### Task brief:
Could you copy exactly the lines below from the one with "Statistisches Jahrbuch der" to the one with "Head New Ball Clip Transparent", inclusive, leaving out any pictures?

Input material section start

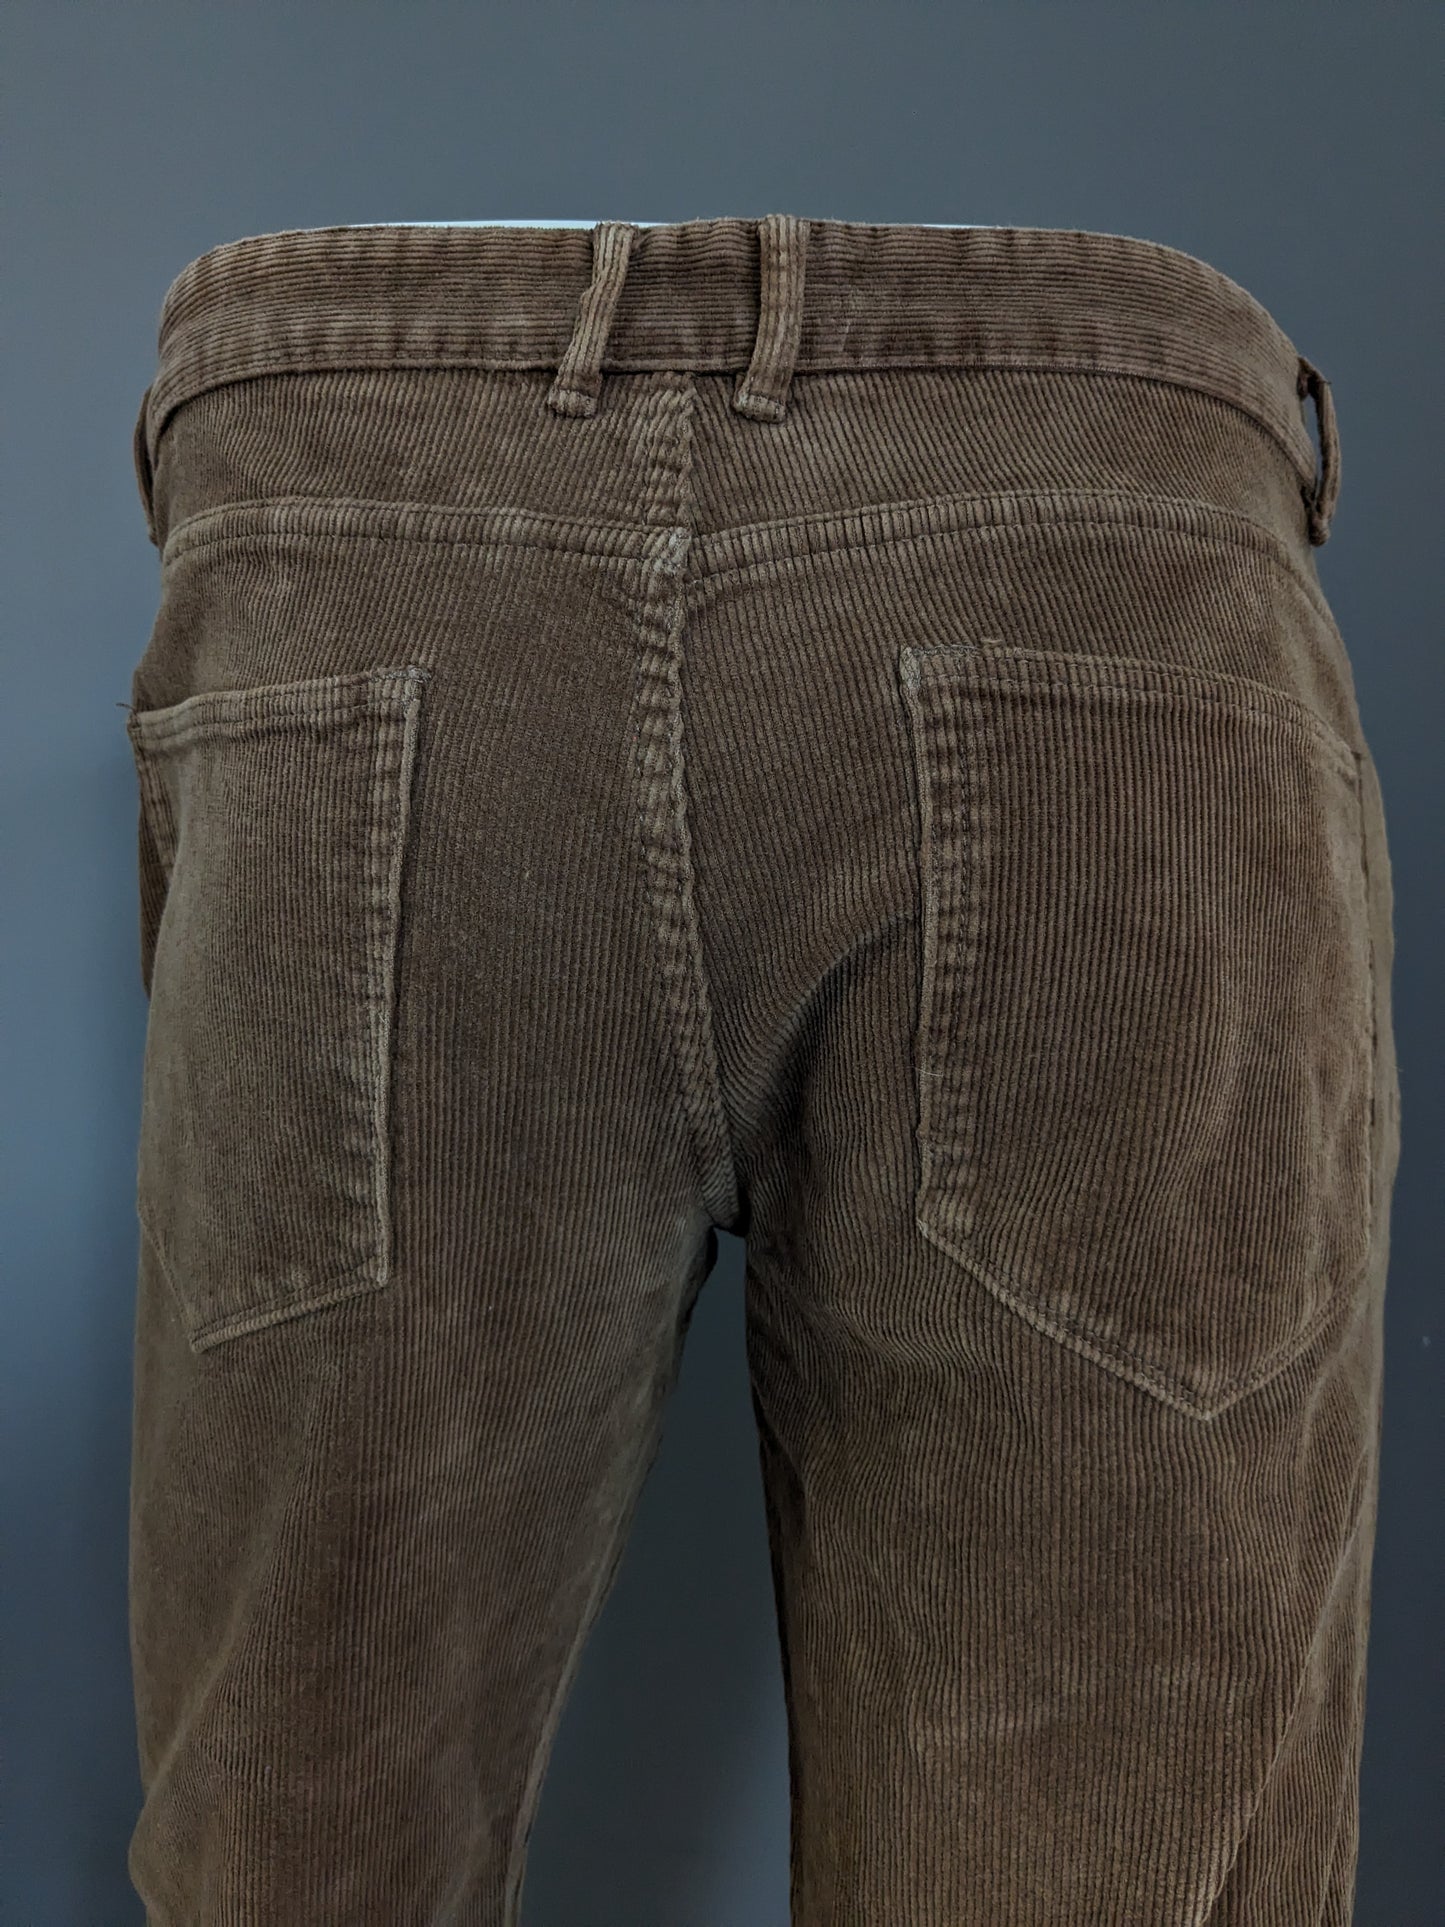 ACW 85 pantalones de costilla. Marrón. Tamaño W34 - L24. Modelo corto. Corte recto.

Input material section end
Input material section start

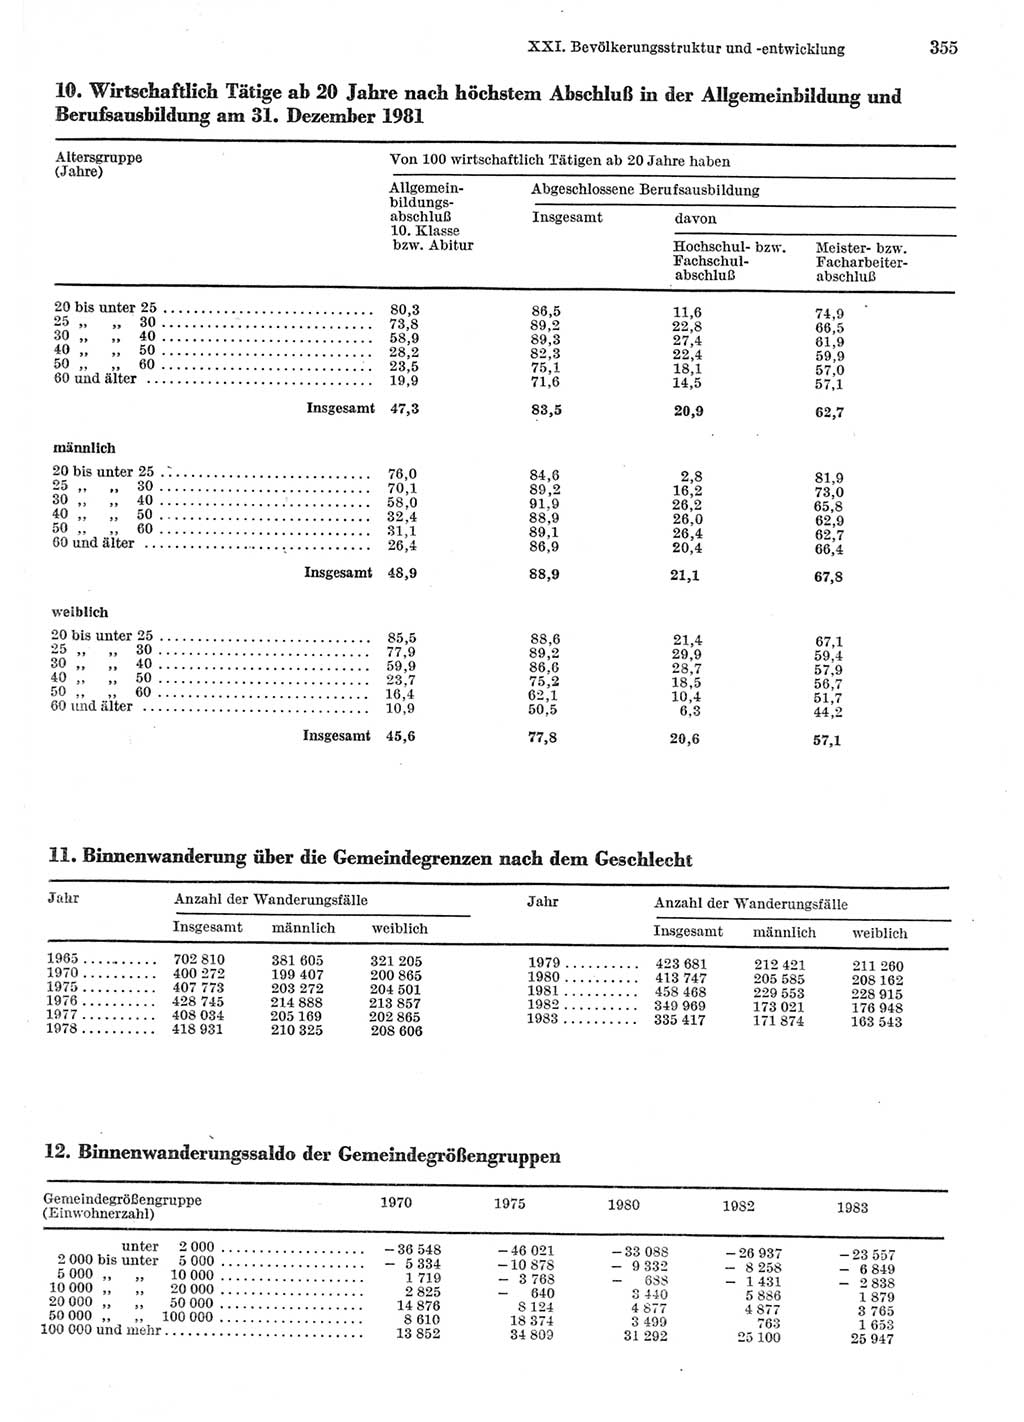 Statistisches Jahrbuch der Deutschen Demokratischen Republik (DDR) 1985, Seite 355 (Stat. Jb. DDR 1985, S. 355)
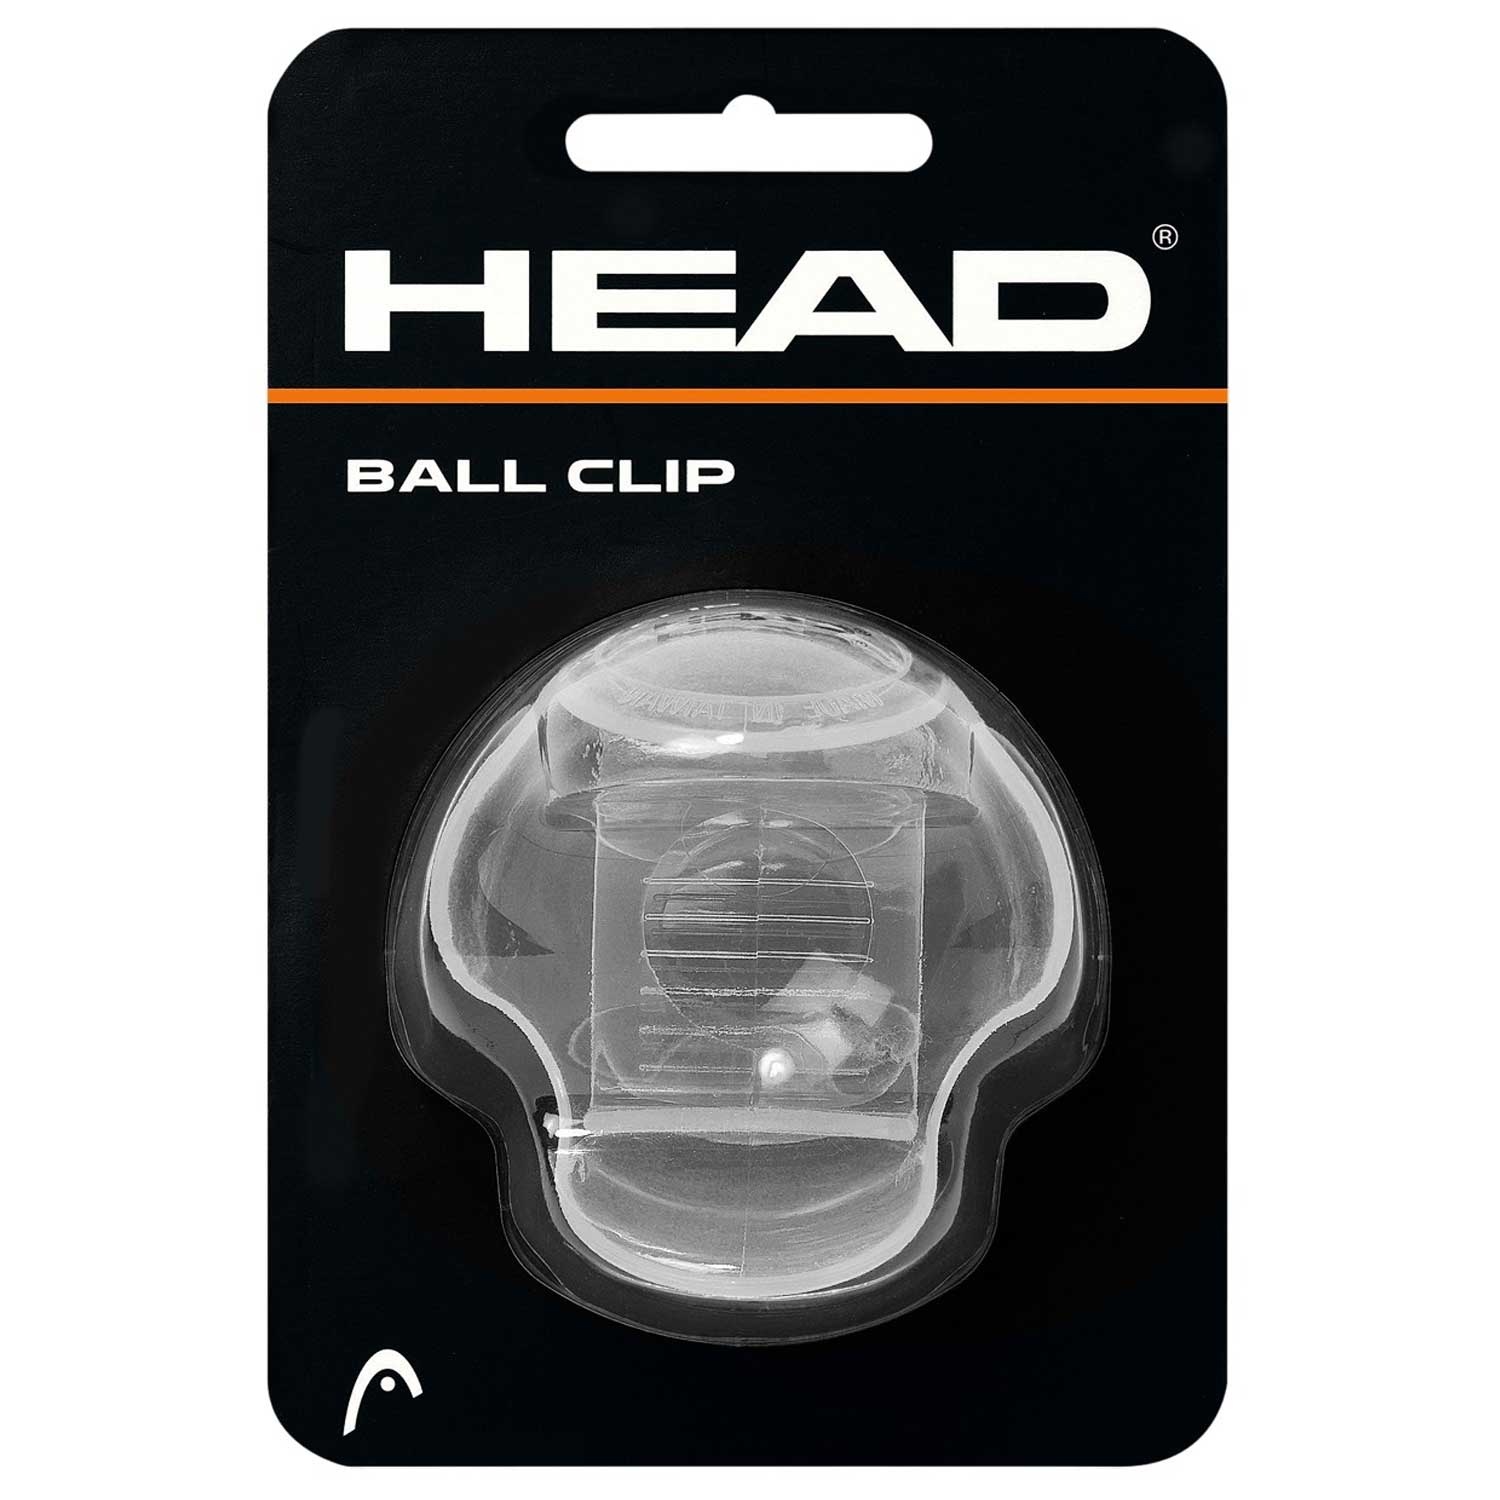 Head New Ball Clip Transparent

Input material section end

### Output for this task:
 Statistisches Jahrbuch der Deutschen Demokratischen Republik (DDR) 1985, Seite 355 (Stat. Jb. DDR 1985, S. 355)
 Head New Ball Clip Transparent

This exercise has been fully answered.